Only the pictures are to be left out; return the rest of the data exactly as it stands.

### DATA BELOW
# # # # # # #

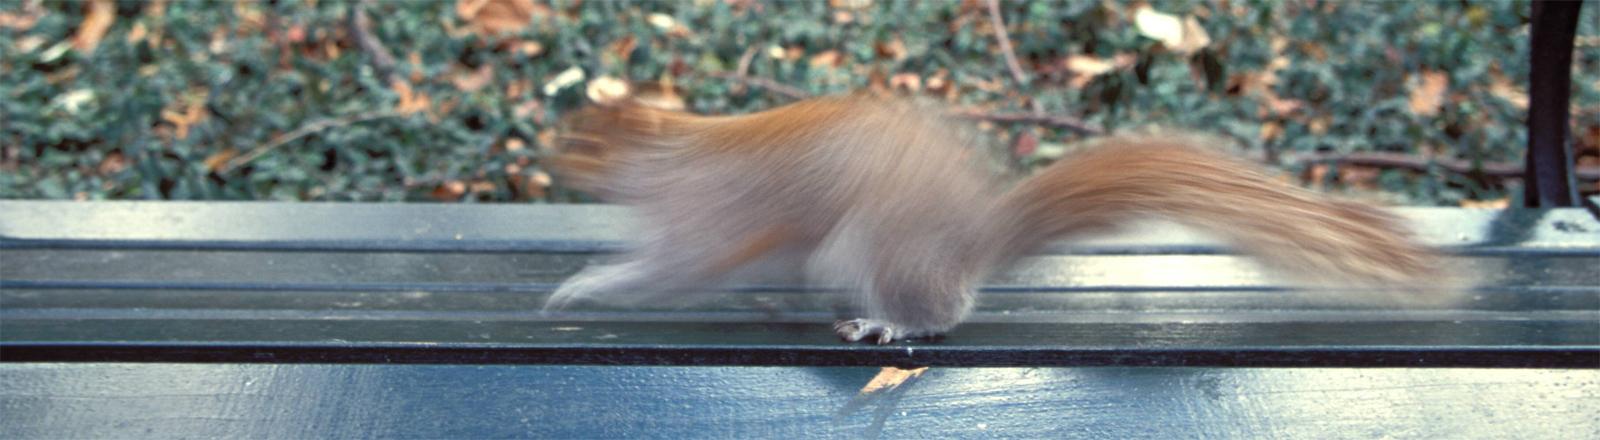 Eichhörnchen auf einer Parkbank im Central Park
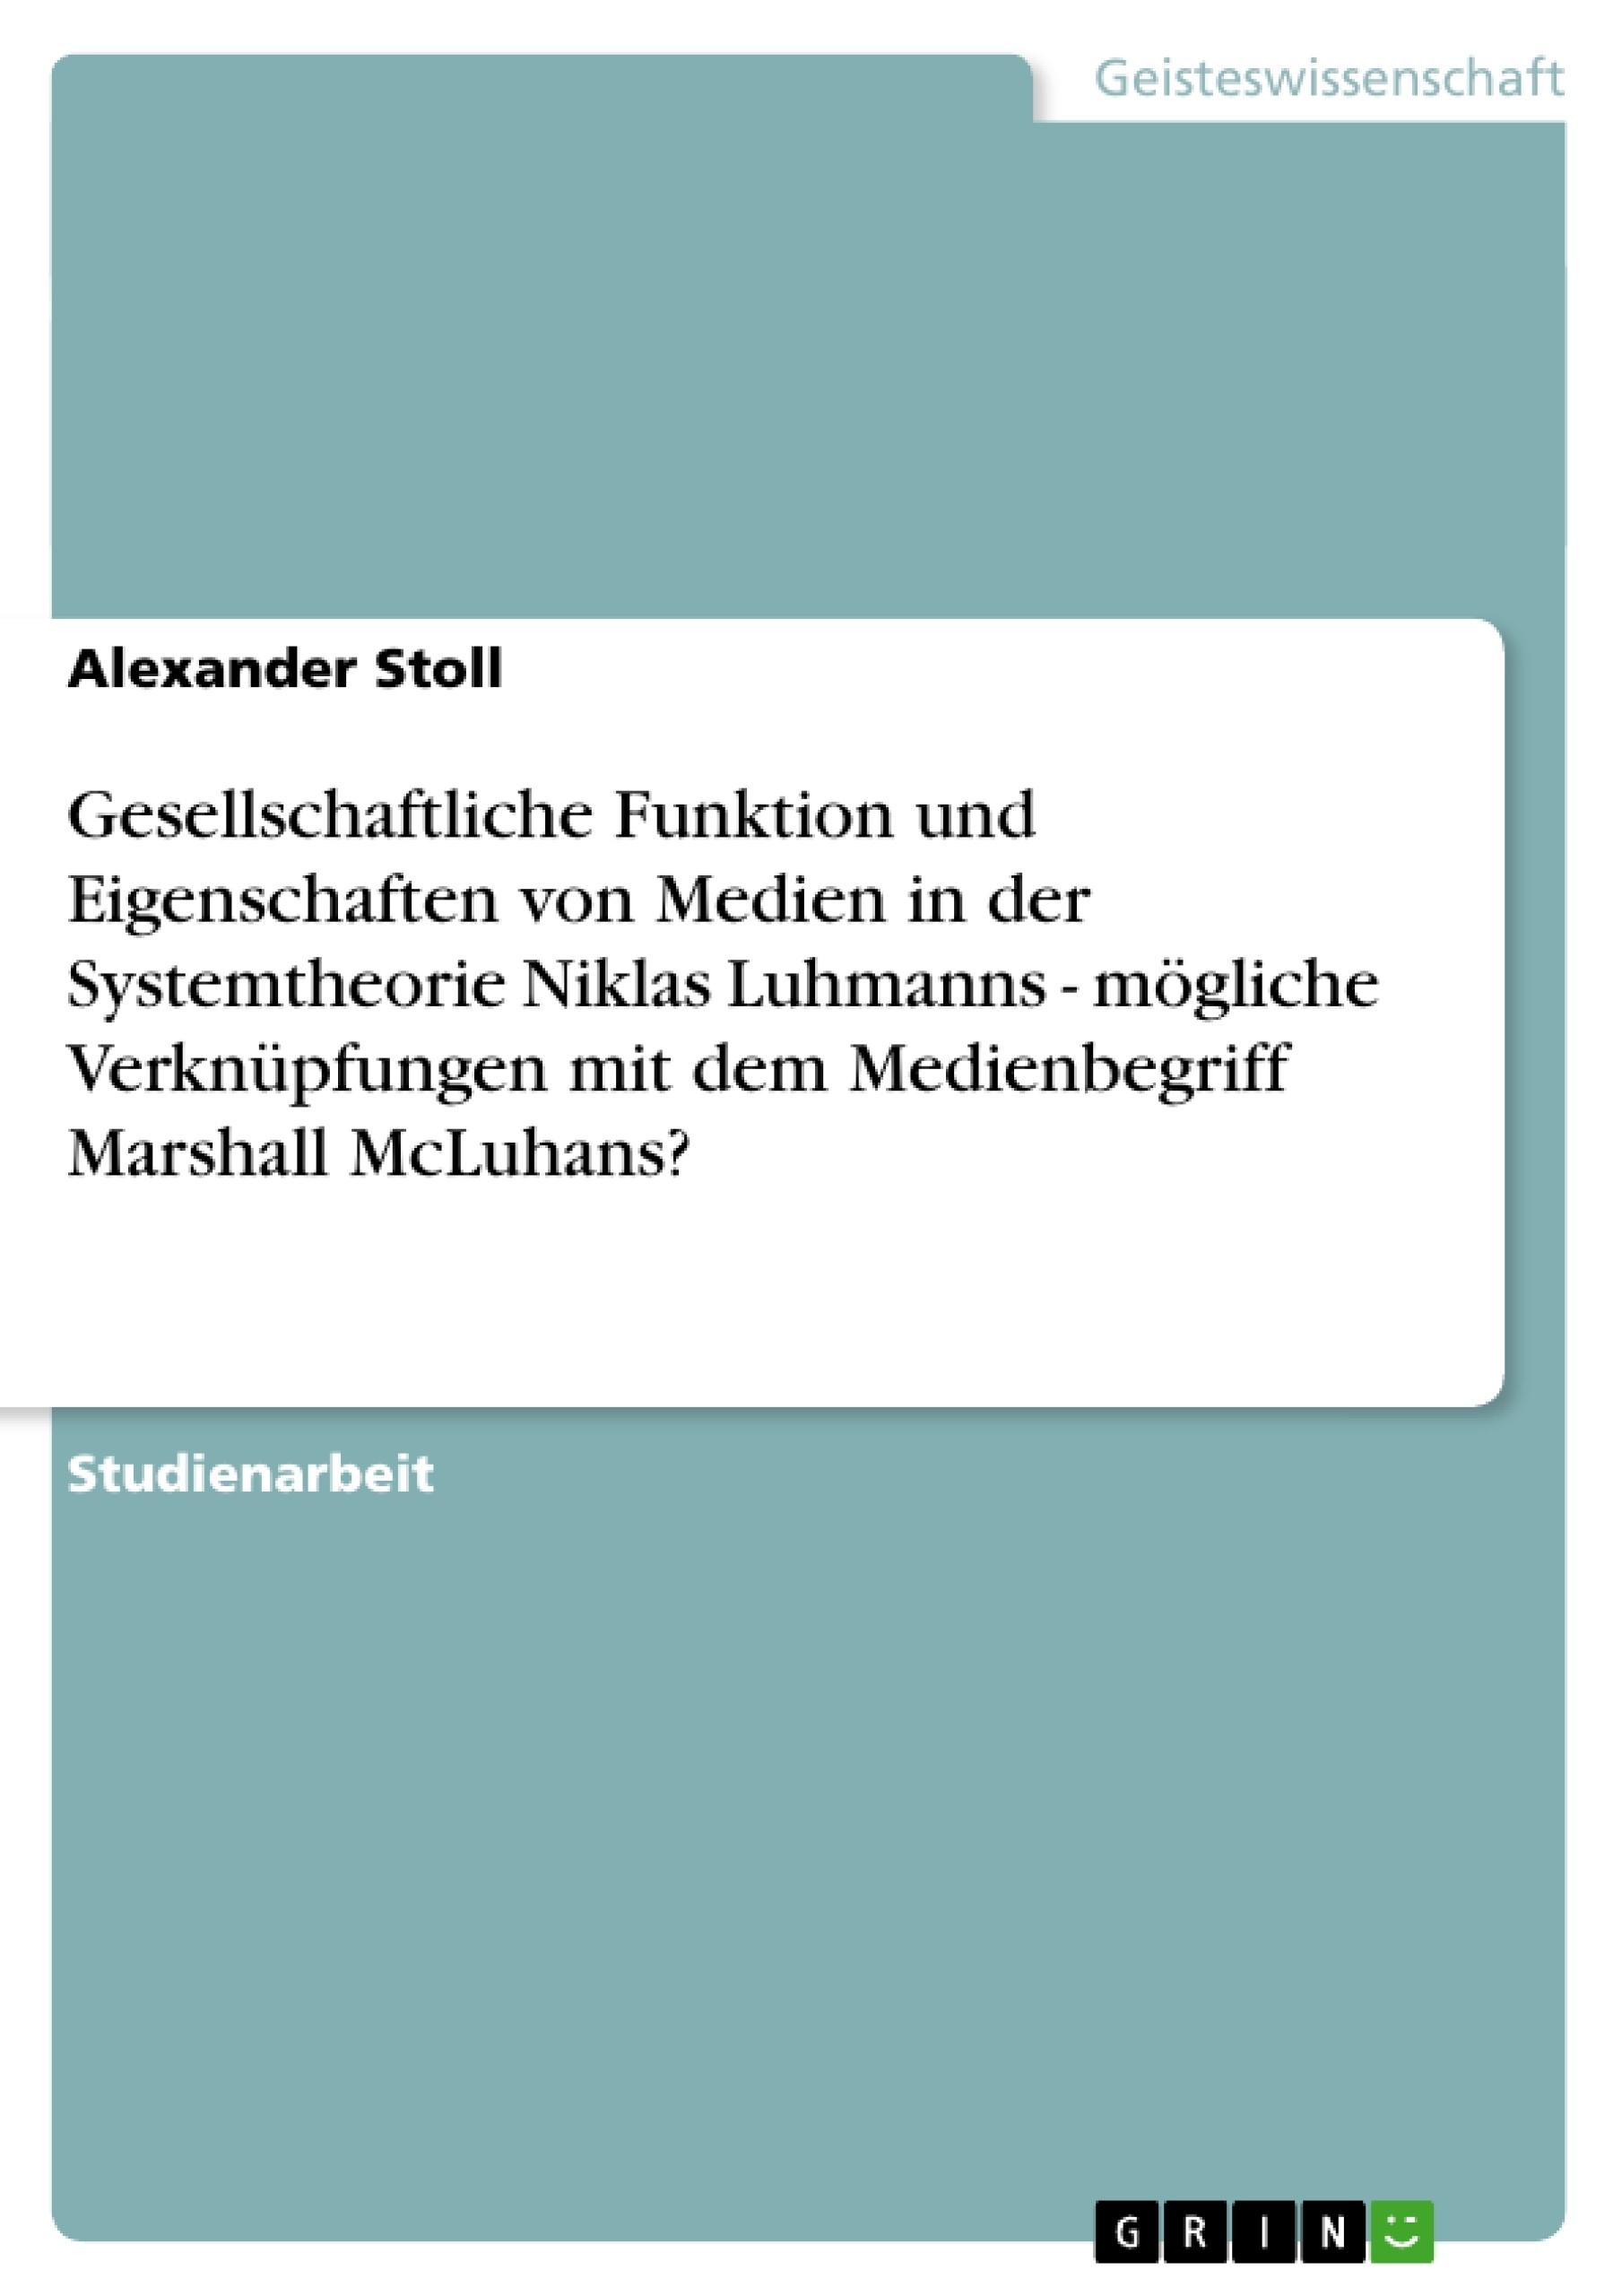 Titel: Gesellschaftliche Funktion und Eigenschaften von Medien in der Systemtheorie Niklas Luhmanns - mögliche Verknüpfungen mit dem Medienbegriff Marshall McLuhans?
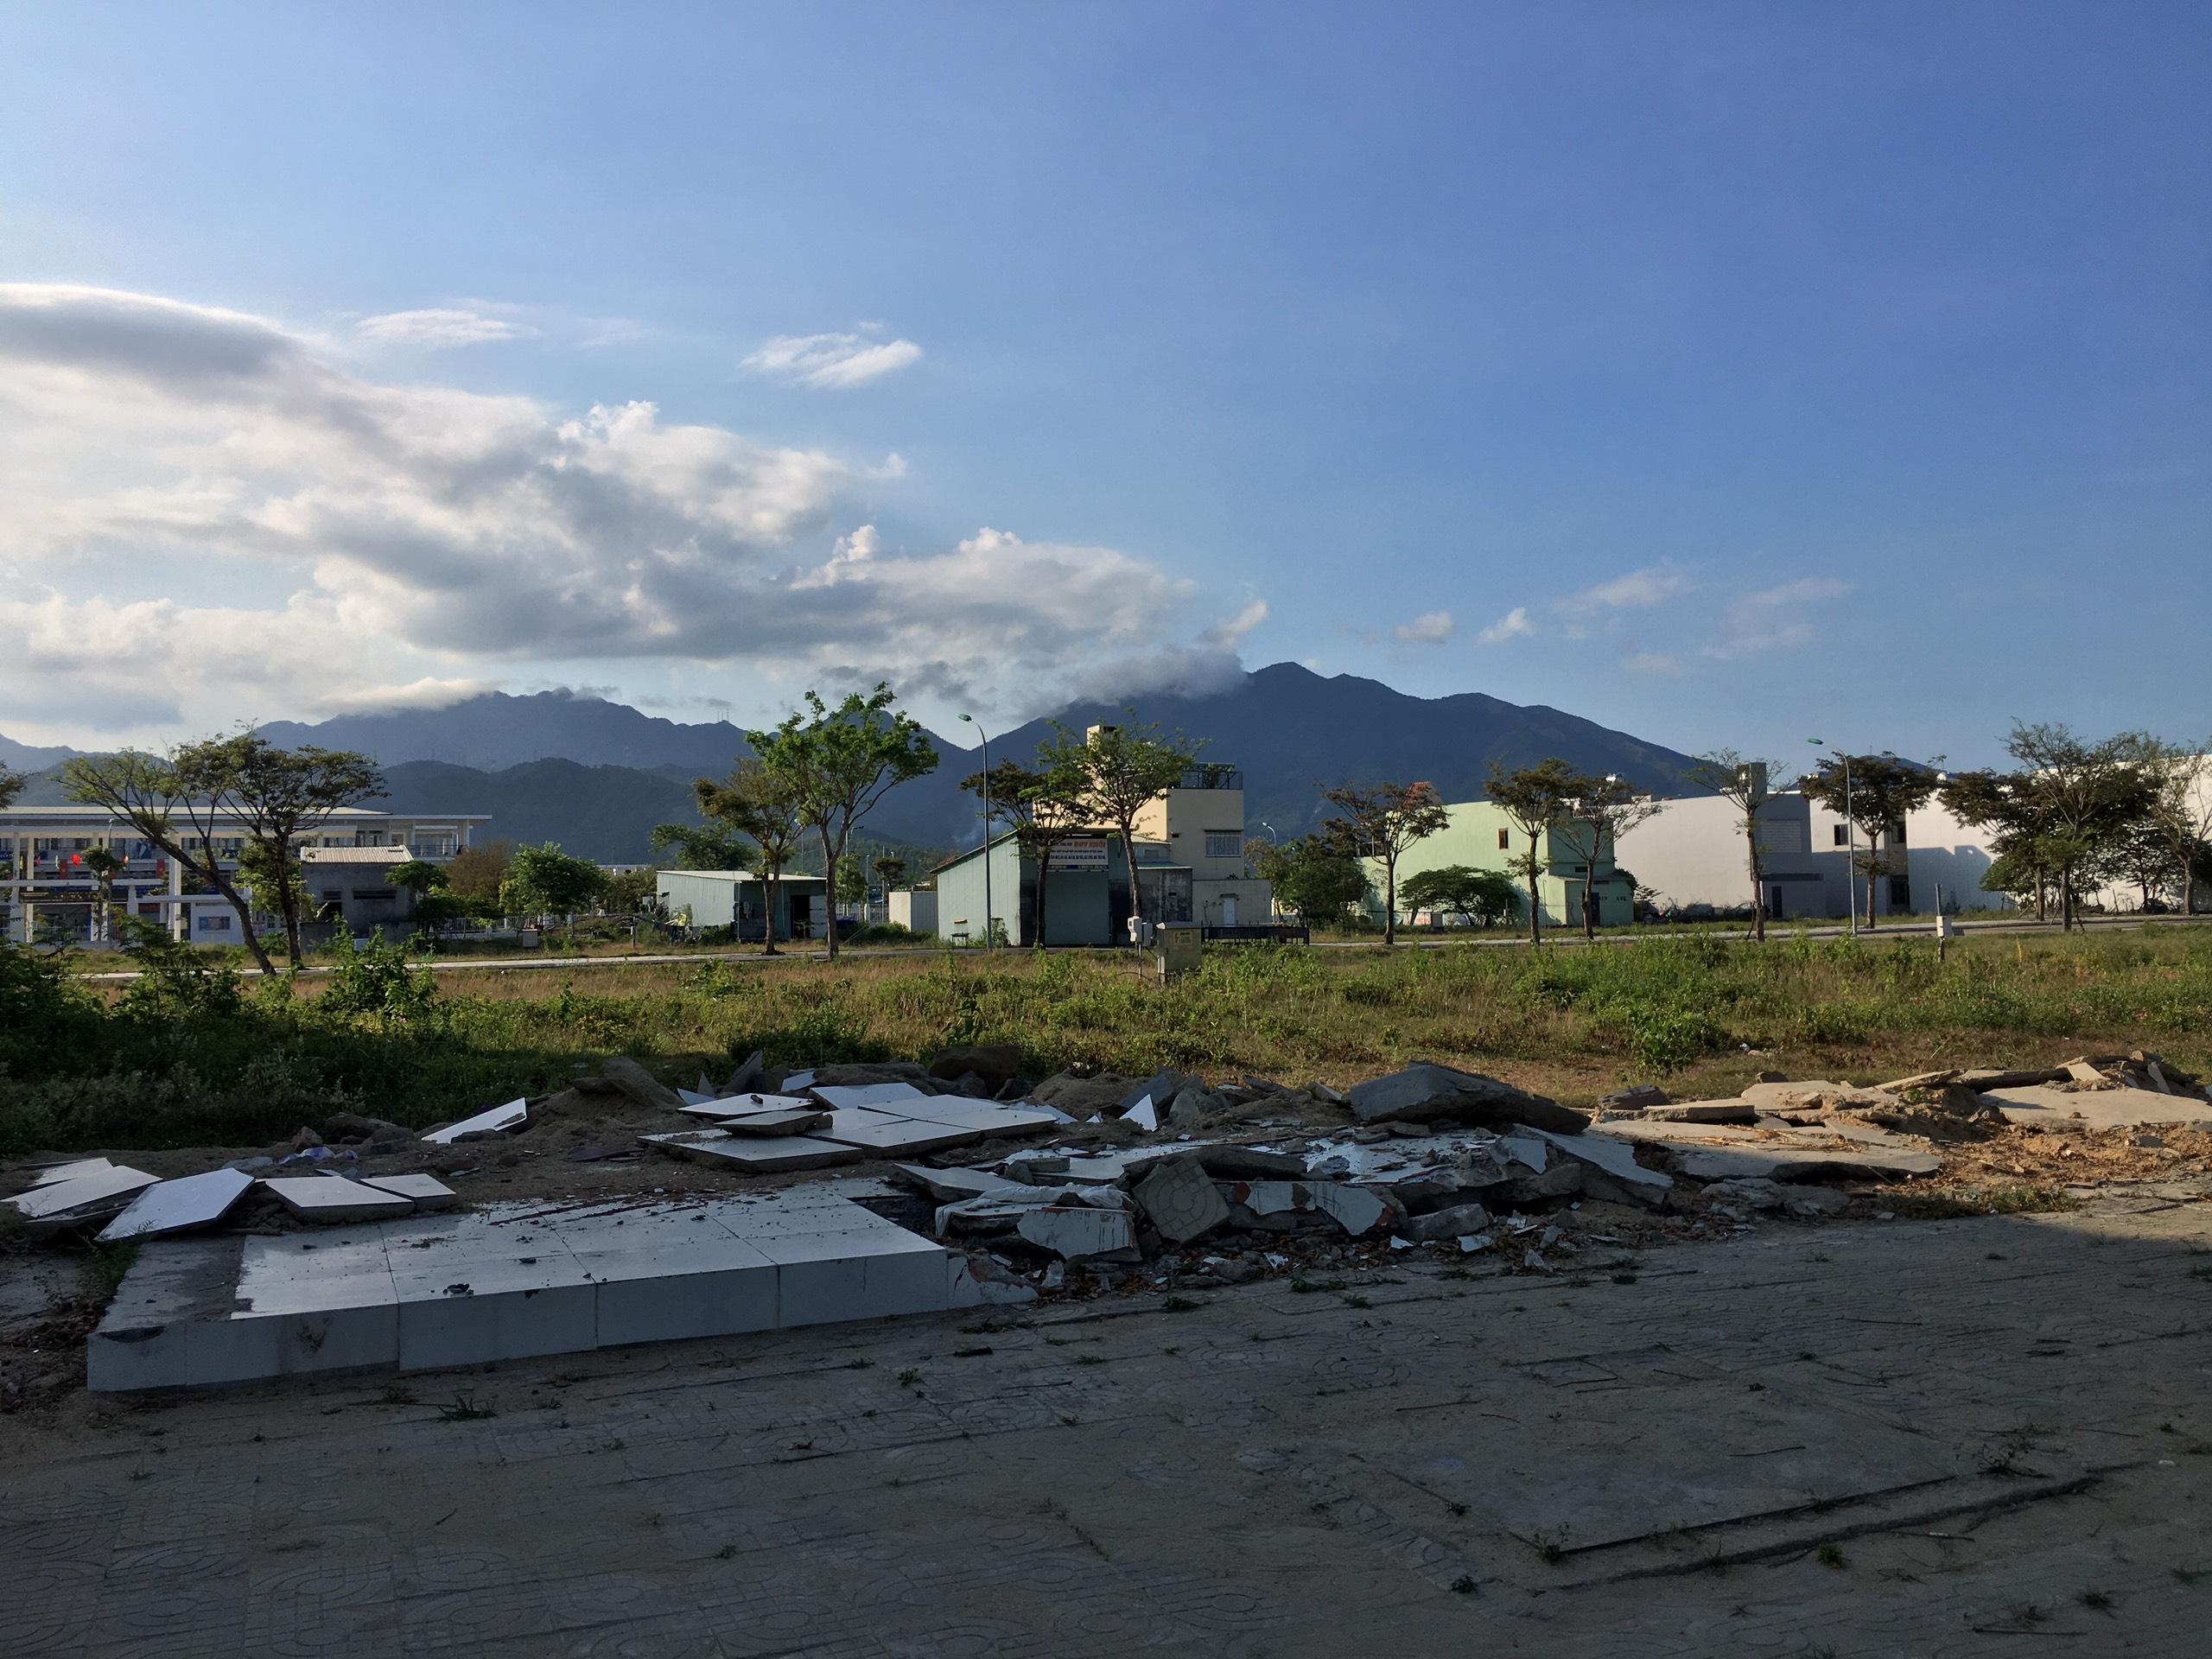 Trở lại nơi sốt đất ở Đà Nẵng, ki ốt bị dẹp hàng loạt, các dự án không bóng người - Ảnh 4.

# # # # # # #

### RESULT FOR THIS TASK
 Eichhörnchen auf einer Parkbank im Central Park
 Titel: Gesellschaftliche Funktion und Eigenschaften von Medien in der Systemtheorie Niklas Luhmanns - mögliche Verknüpfungen mit dem Medienbegriff Marshall McLuhans?
 Trở lại nơi sốt đất ở Đà Nẵng, ki ốt bị dẹp hàng loạt, các dự án không bóng người - Ảnh 4.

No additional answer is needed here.